AACCI has welcomed the Australian Government announcement on September 21 this year that it intended commencing negotiations on a double taxation agreement with Israel, to whom Australia exported $243 million of merchandise goods in 2014; and imported $710 million of goods.
“The Australian Government recognises that the absence of a double taxation agreement holds back closer bilateral economic and financial linkages, and we support initiatives to remedy this,” Ms Moss-Wright said.
AACCI is also encouraging the Australian Government to similarly commence negotiations on a double taxation agreement with Saudi Arabia, to whom Australia exported $2.26 billion of merchandise goods in 2014; and imported $426 million of mostly fertilisers and plastics.
AACCI also encourages the Australian Government to enter into negotiations for an investment protection agreement with Saudi Arabia.
Currently, Australia has 22 bilateral investment protection agreements. The only country with which both Saudi Arabia and Australia have investment protection agreements is China, the AACCI said.
"This means that to safeguard Saudi Arabia’s investment in Australia, the investor would incorporate a company in China, and use that Chinese company to invest in Australia," Ms Moss-Wright said. "This results in Australia losing the benefit of direct relationships with its investor, potentially limiting further investment in the future and impeding bilateral trade opportunities."
Saudi Arabia is the 19th largest economy in the world with a GDP of US$752 billion in 2014. It is the third-fastest growing economy in the world with an annual average growth rate of 5 percent over the past 10 years. This achievement is only preceded by China and India.
Fortunate to have 25 percent of the world’s proven oil reserves within its borders, and the fourth=largest natural gas reserve in the world, Saudi Arabia represents a compelling prospect for Australian business to develop a commercial relationship.
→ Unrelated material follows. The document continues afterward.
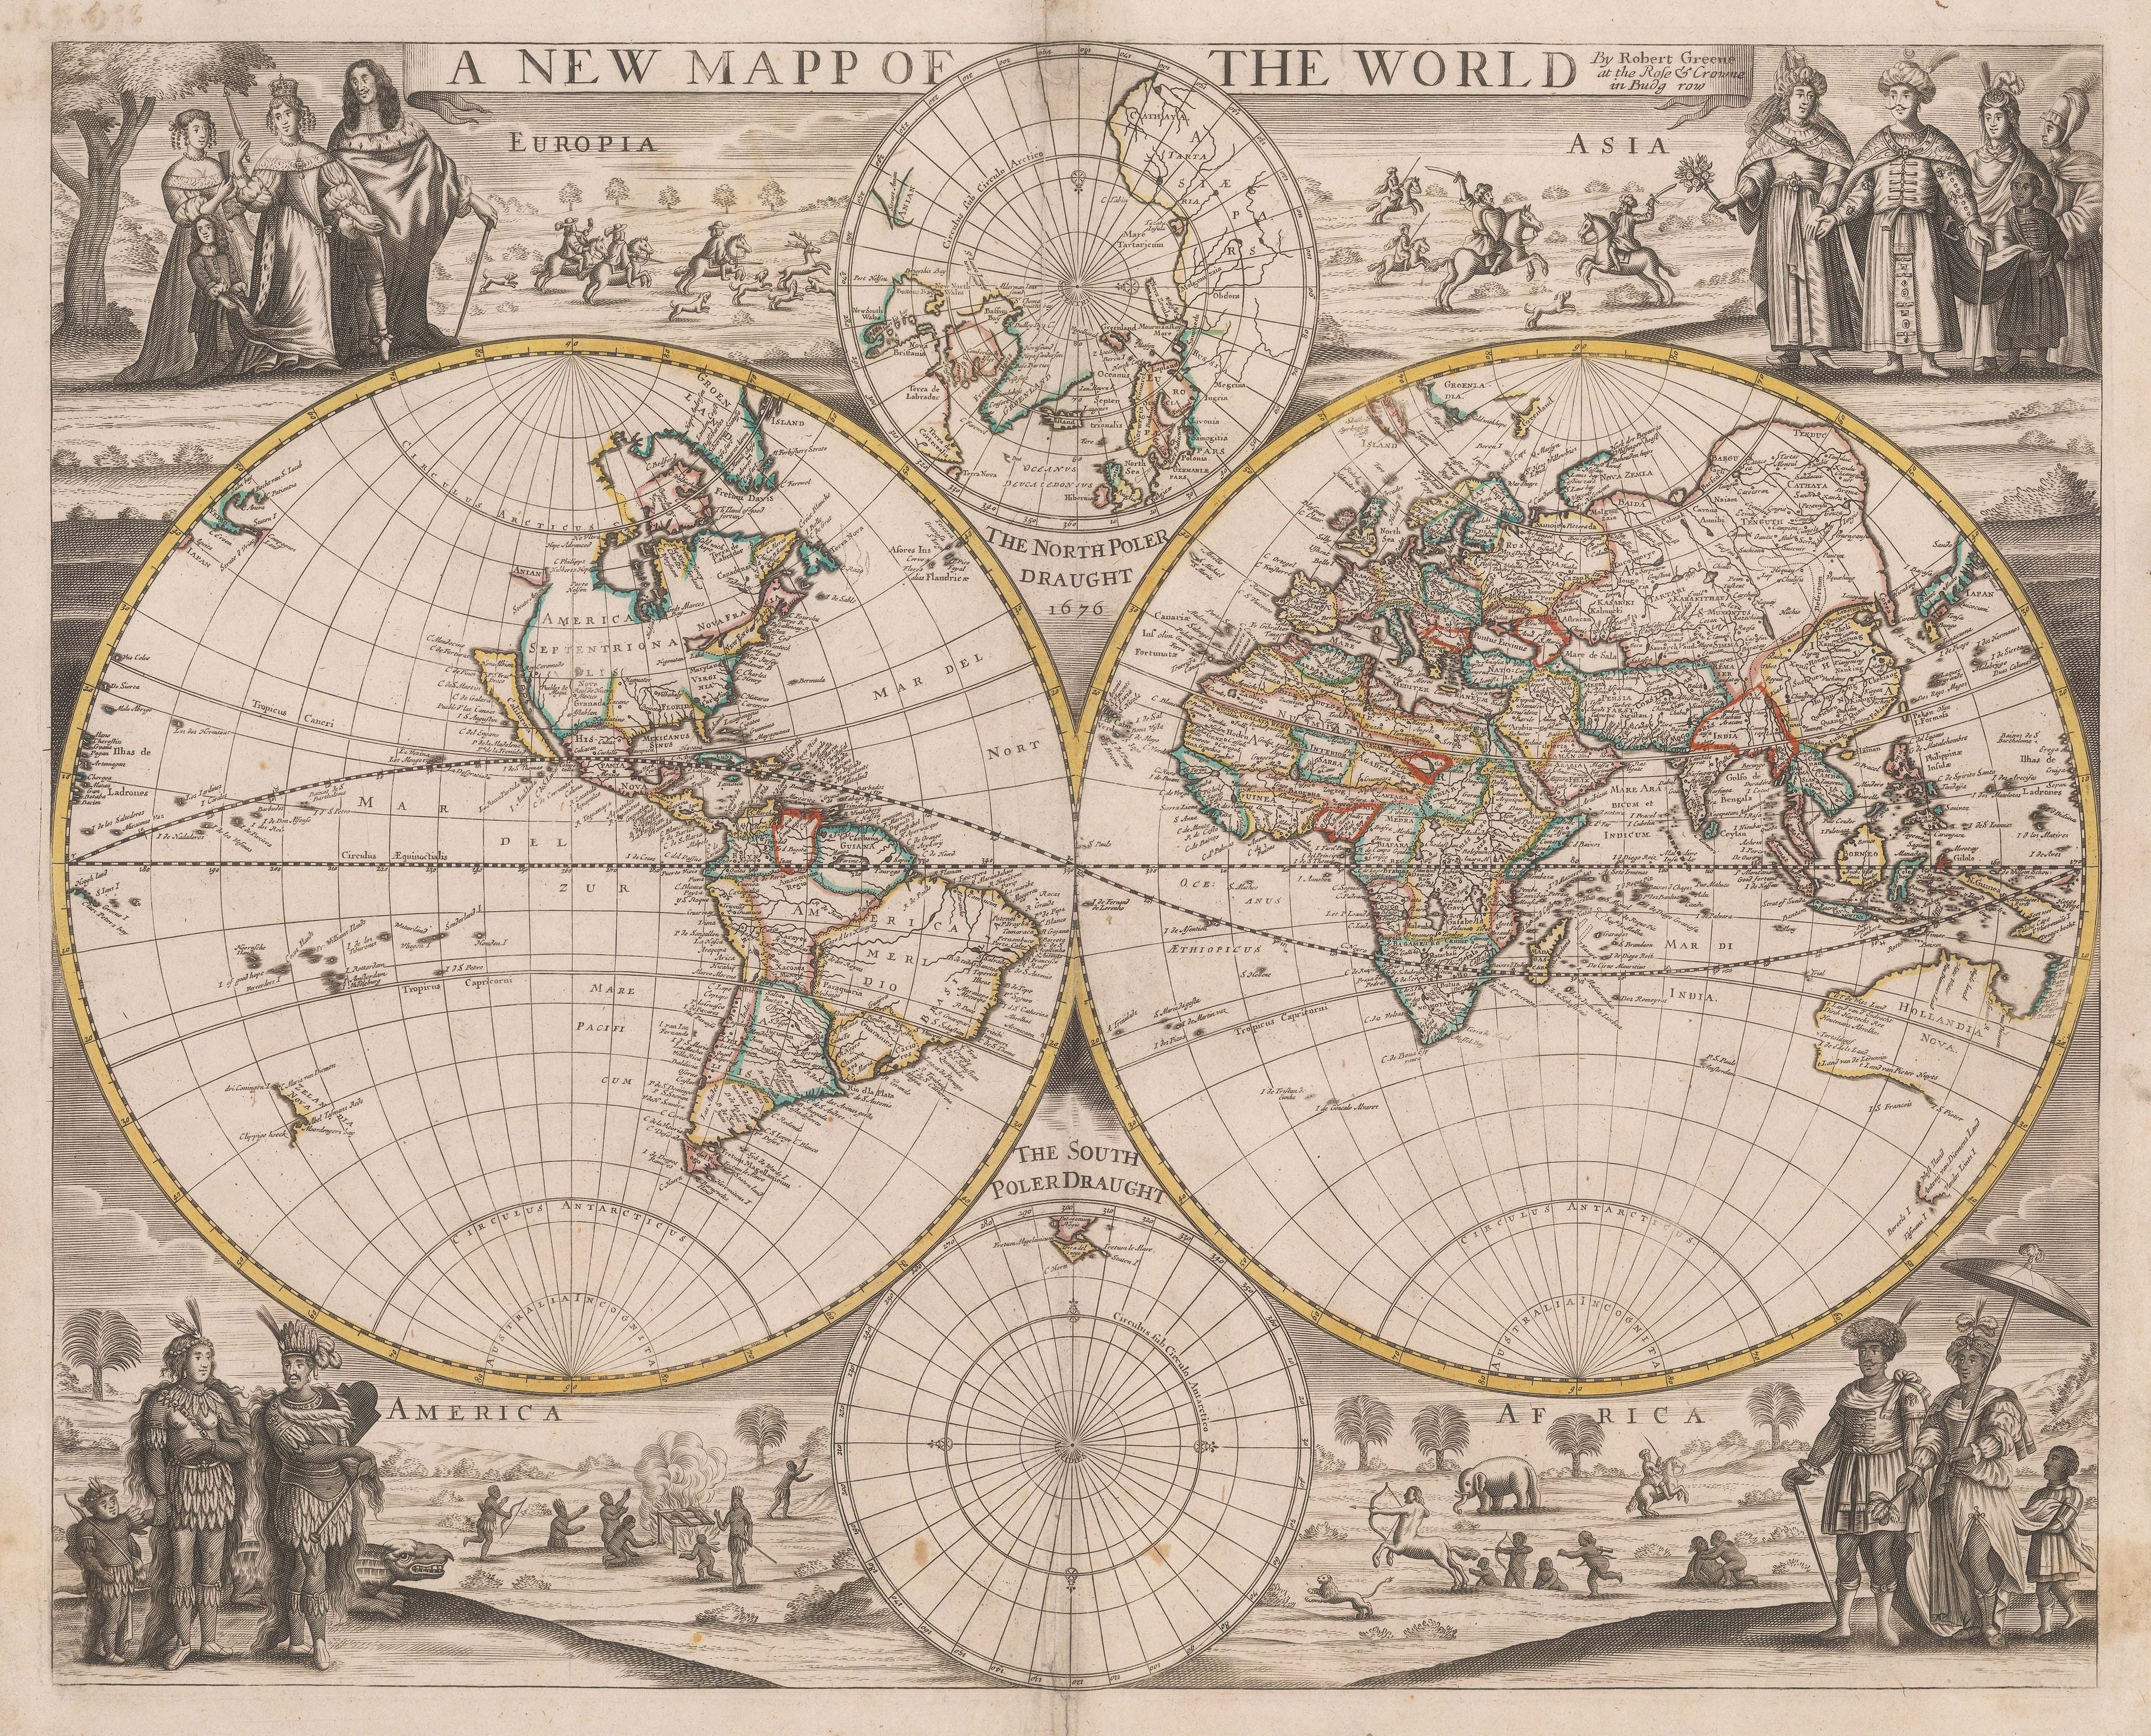 Robert Greene's 'A New Map of the World', double-hemisphere world map, largely in black and white with some added colour by hand.

The Australia Arab Chamber of Commerce and Industry is hosting a seminar at the Four Seasons Hotel, Sydney, commencing at 5:30 pm on Tuesday, October 20, 2015 to discuss agribusiness opportunities for Australian companies in the Arab world, with a particular focus on Saudi Arabia.
“We are honoured that the Ambassador of the Royal Embassy of Saudi Arabia in Australia, His Excellency Nabil Al Saleh will be speaking at our seminar,” said Mohamed Hage, the AACCI (NSW) chairman.
“Following the Ambassador’s keynote address, international trade experts from Meat and Livestock Australia, Rabobank, Export Council of Australia and AACCI will discuss trends in trade of agricultural products between Australia and the Arab world.”